So they have actually enabled more choices... not decreased the possible choices.
Both.
Not at all. I agree that the idea that God is watching you affects you. I don't see how that removes free will. I don't see how that prevents you from making a choice.
Remove is probably the wrong word, more like affect your free will choices. Say you want to murder your neighbor, rape his wife and steal his stuff. If, for all appearances, God doesn't exist or there's just no reasonable indication that It does, you decide to do what you want. But before you can, it's announced on the news that God exists and is watching each and every one of us, and in a list of things indicaes that what you are about to do is evil. So if, as you candidly admit, that knowing God is there affects us, people are less likely to do what they would have done otherwise.. That knowledge affects our moral choices.
Is it? If the physics professor say, "I am going to drop this book." He imparts to us and to himself the knowledge that he will drop the book. We are not surprised when he drops the book. Does our knowing that he would drop the book cause him to drop the book? Does his knowing that he would drop the book cause him to drop the book?
Bad analogy. You don't really know he will actually drop it. And we don't have the divine foreknowledge that you claim God has, in order to know what he will actually do, nor the power of divine judgement to influence the professor's actions--though dropping a book is not an example of either good nor evil.
So like, if you could go back in time and kill Hitler as a baby would you do it? We'll just assume no temporal paradox. You have a person, who you know will be responsible for terrible things and you have the opportunity to kill him and you are saying: "Yes, go kill him."
Or like, we have futuristic telepathic super system that can determine what crimes people will commit before they commit those crimes. So we can imprison them before they do commit the crimes, maybe even justify killing them in certain cases, and you are basically saying, "Yes, let's do it that way."
Neither of those scenarios addresses why God wouldn't just pre-distribute everyone to heaven or hell. And without foreknowledge, we don't know what anyone will do. Your question assumes we can prejudge anyone. And we can't go back in time, which is just another example of foreknowledge negating natural and moral law.

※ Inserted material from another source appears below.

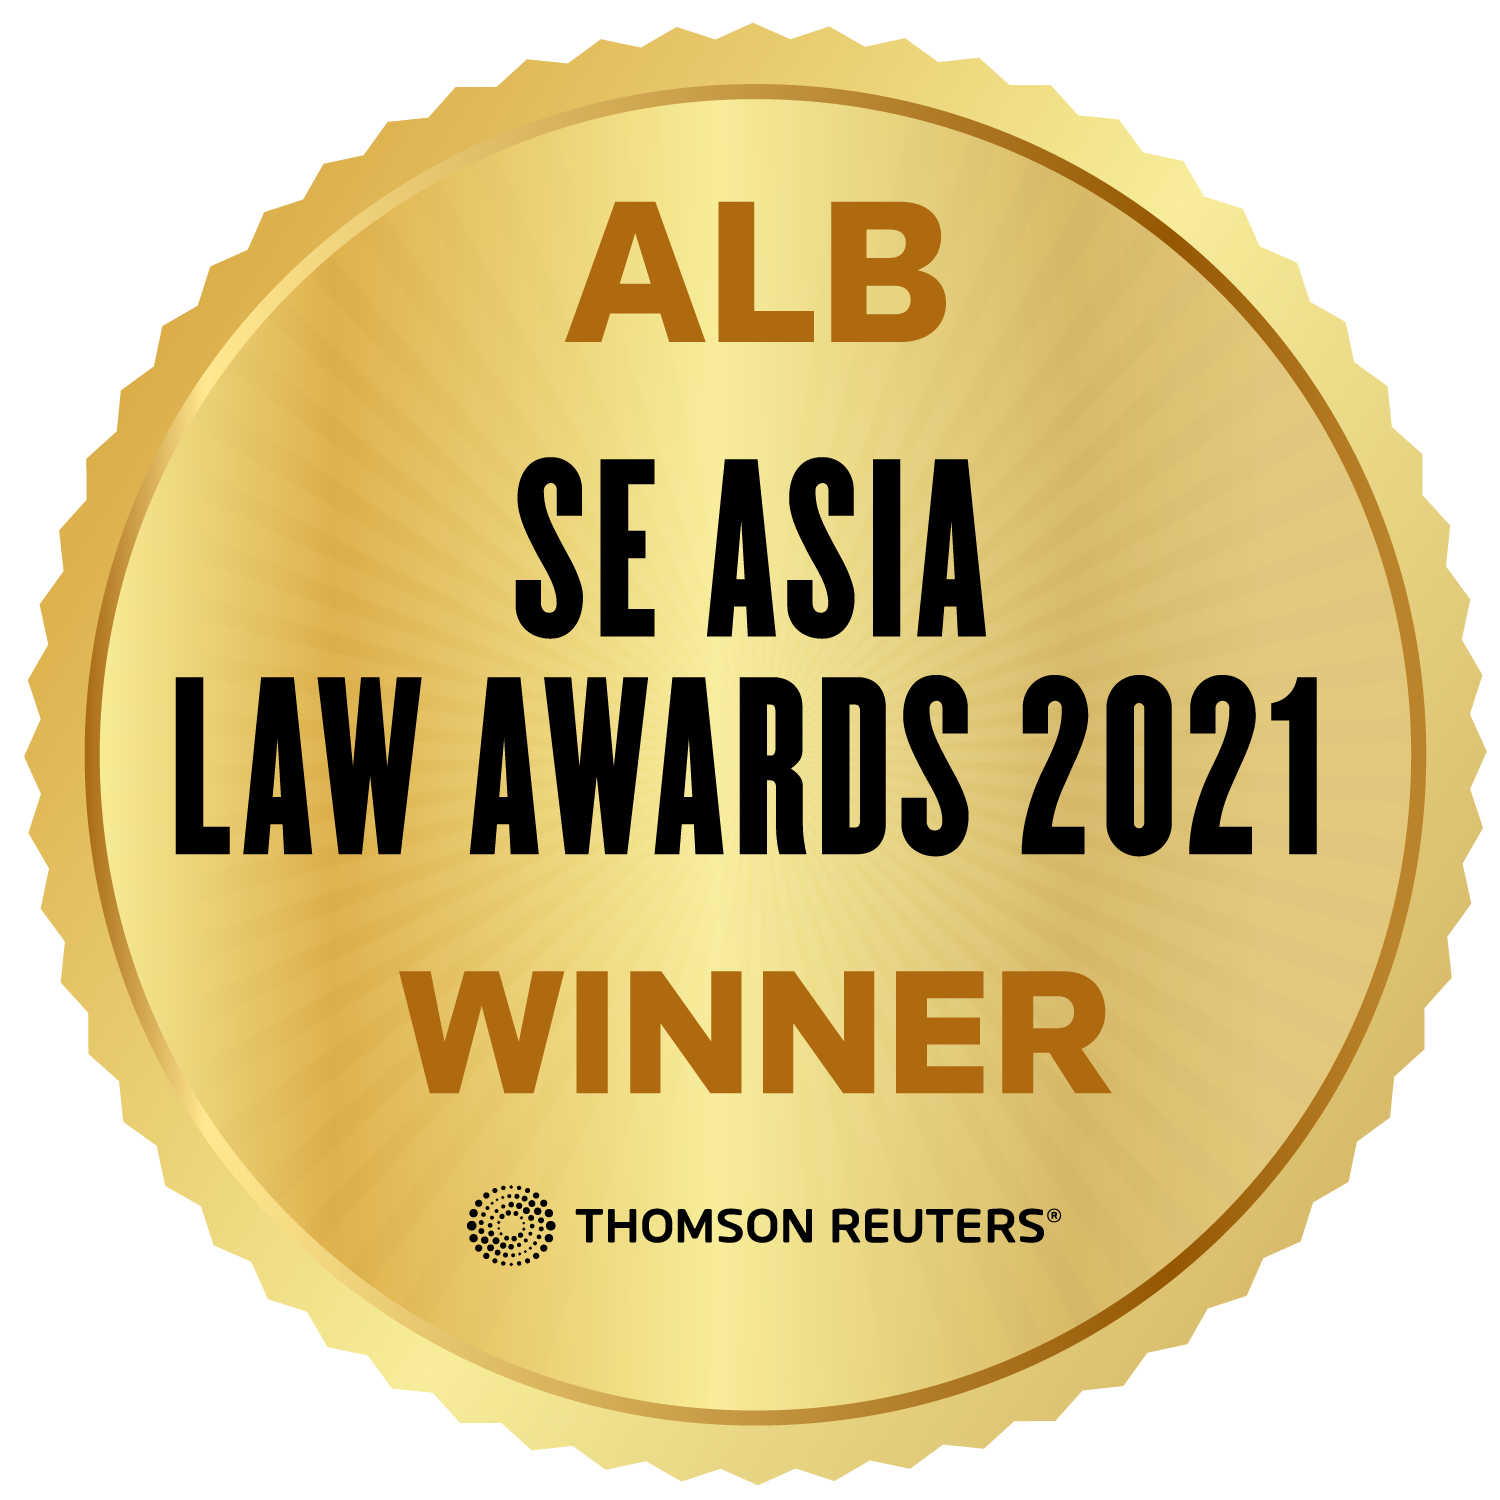 alb-seala-law-awards-2021-winner-badge.png
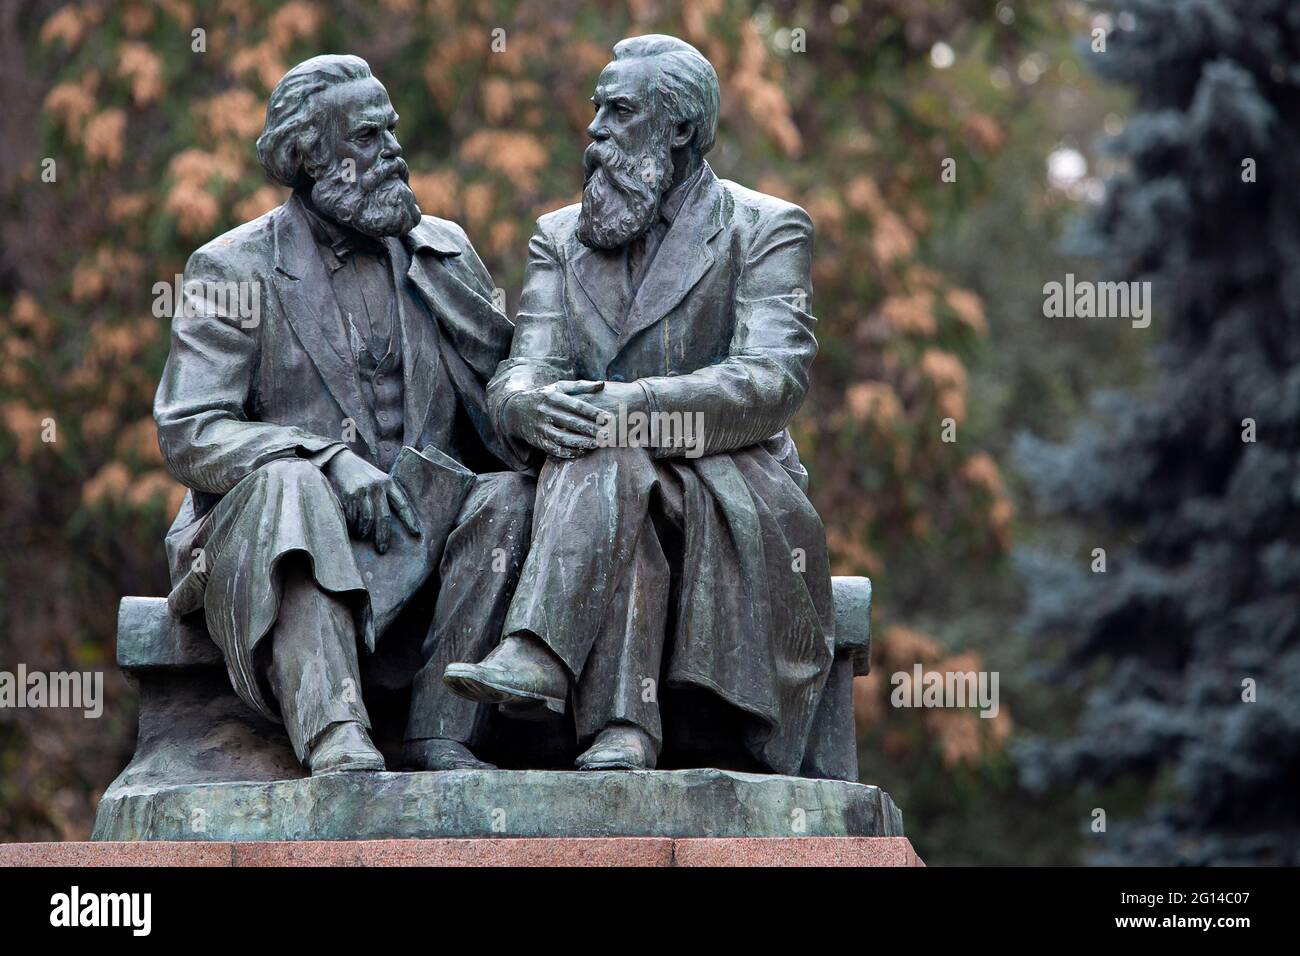 Monument de l'ère soviétique, représentant Karl Marx et Friedrich Engels à Bichkek, Kirghizistan Banque D'Images

These are deep philosophical questions for us. These movies have been made because we seek to know the answers to these deep questions. But ultimately, I don't think there is any mystery here. You shouldn't go back in time to kill Hitler as a baby and you shouldn't imprison people for the crimes they haven't committed yet.
Those are works of fiction dealing with impossible situations. If you could go back, would Hitler no longer have free will? If so, I'd kill him. If not, he might make different choices. But in reality, neither is a possibility, and certainly not a cause for judging profound questions like free will.
Why should God punish people who didn't do anything yet simply because he knew they would do bad things? Why should He reward people who didn't do anything good yet?
Free will is a gift, but it's also a heavy responsibility.
How would God revealing Himself remove Free Will?
Go back to the top.
Does lack of knowledge of the existence of God decrease our options? It seems to me that lacking knowledge about God does limit your options. Simply imagining that God exists already provides you with an additional option (you could choose to pray to the God of your imagination). That's an option that didn't exist before and if you were to take away the idea that there is a God, then you would remove an option.
What, prayer? Praying to a God that doesn't exist or doesn't intervene, is not an option. They both result in the same non-reaction. Of course that doesn't keep a lot of people from "seeing" that God answered their prayers--never mind all the times they weren't. Neither does it stop people from working to fulfill their prayers saying that "God helps those who helps themselves" (GAH, one of the worst religious rationalizations
ever).
In the movie
Rambo (the last in the series, and the only one I liked, a lot), one of the mercenaries on a rescue mission, says to the leader of the missionaries they'd just rescued, "God didn't save you, I did!"
Amen.
Another example of increased knowledge providing more options, not fewer options.
I guess, if you want to put it that way. All of our moral optional choices are under the free will column. And if we have knowledge that God exists, many will make different choices, and none, including God, will have certain knowledge of what they would have actually chosen if they had unfettered free will.